Third Quarter Highlights

  • Consolidated net sales were $2,278 million, a decrease of $53 million compared to the prior-year period. Excluding a $22 million favorable impact from foreign currency translation, net sales declined by $75 million. The decrease was mainly attributable to a decline in Consolidated same-store sales and Domestic store closures, which included the Times Square flagship store.
  • Consolidated same store sales decreased by 2.1 percent. Domestic declined by 1.9 percent primarily from decreases in the entertainment and baby categories, partially offset by improvements in the learning and core toy categories. International declined by 2.5 percent, driven by the Asia Pacific and Europe markets, partially offset by continued growth in Canada. Consolidated e-commerce sales were up 9 percent.

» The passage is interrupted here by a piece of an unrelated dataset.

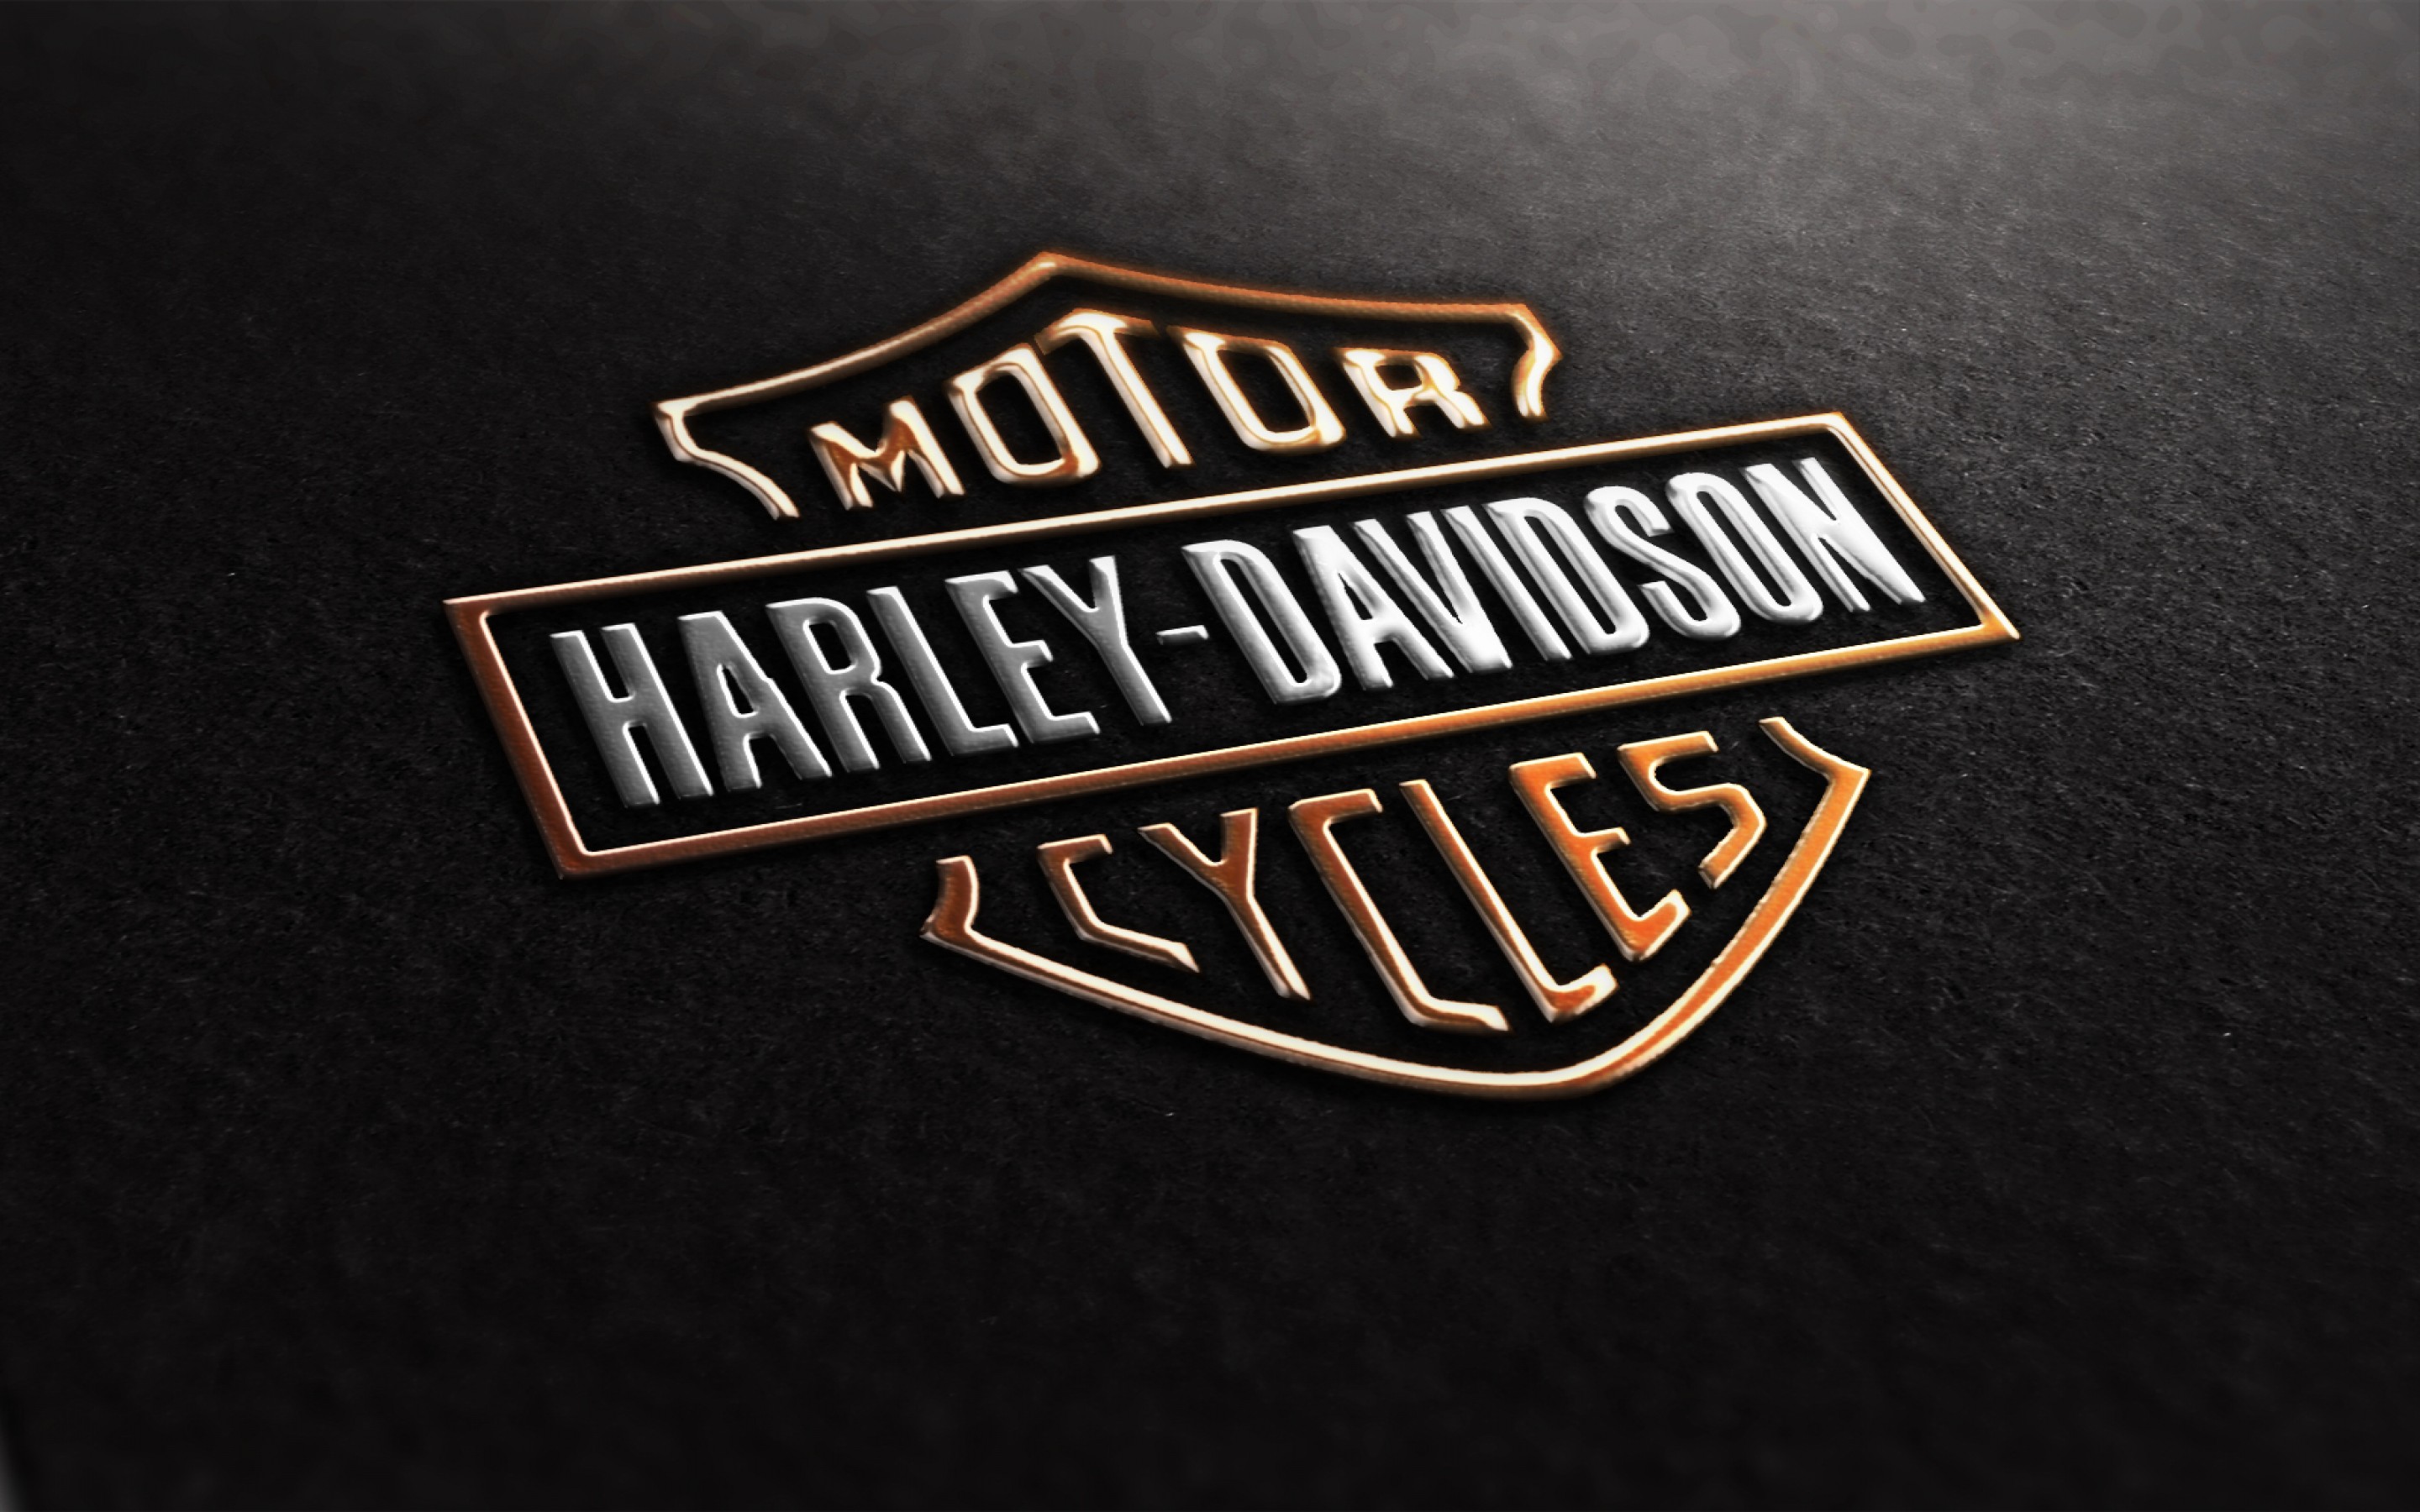 File Name Harley Davidson New Wallpaper Pictures To Pin

  • Gross margin dollars were $821 million, a decline of $11 million compared to the prior-year period. Excluding a $7 million favorable impact from foreign currency translation, gross margin dollars decreased by $18 million. Gross margin rate was 36 percent, an increase of 30 basis points. Domestic gross margin rate remained consistent with the prior-year period, while International gross margin rate increased by 80 basis points led by margin rate improvements in the core toy category and sales mix away from lower margin entertainment products.
  • SG&A was $835 million, an increase of $8 million compared to the prior-year period. Excluding a $6 million unfavorable impact from foreign currency translation, SG&A increased by $2 million, largely due to an increase in advertising expenses related primarily to the early release of the Big Book holiday catalog, partially offset by a decline in store operating costs from the closure of the Times Square flagship store.
  • Operating losses were $31 million, a decline of $23 million compared to the prior-year period, driven mainly by a gain on the sale of the FAO Schwarz brand of $45 million. Domestic segment operating losses increased by $19 million, mainly as a result of reduced gross margin dollars. International segment operating earnings were flat.
  • Adjusted EBITDA for the quarter decreased by $13 million to $21 million, compared to $34 million in the prior-year period.
  • The above results produced a Net loss of $156 million, which was $11 million lower than the prior-year period of $167 million.

Liquidity and Capital Spending The company, including Toys “R” Us-Delaware, Inc., ended the third quarter with total liquidity of $1.3 billion, which was comprised of cash and cash equivalents of $420 million and availability under committed lines of credit of $841 million. Toys “R” Us-Delaware, Inc. ended the quarter with $799 million of liquidity, which was comprised of cash and cash equivalents of $189 million and availability under its revolving line of credit of $610 million. Through the end of the third quarter, capital spending was $174 million, compared to $139 million in the prior year, an increase of $35 million. As previously announced, on November 3, 2016, the company completed $512 million of CMBS financing and $88 million of mezzanine financing. The proceeds and a $51 million rent prepayment from Toys “R” Us-Delaware, Inc., along with cash on hand, were used to redeem all of the $725 million 8.5 percent senior secured notes due 2017 of Toys “R” Us Property Company II, LLC. As a result of this transaction, the company pushed out this debt maturity to 2021 and reduced annual interest payments by an estimated $22 million based on LIBOR rates as of October 29, 2016.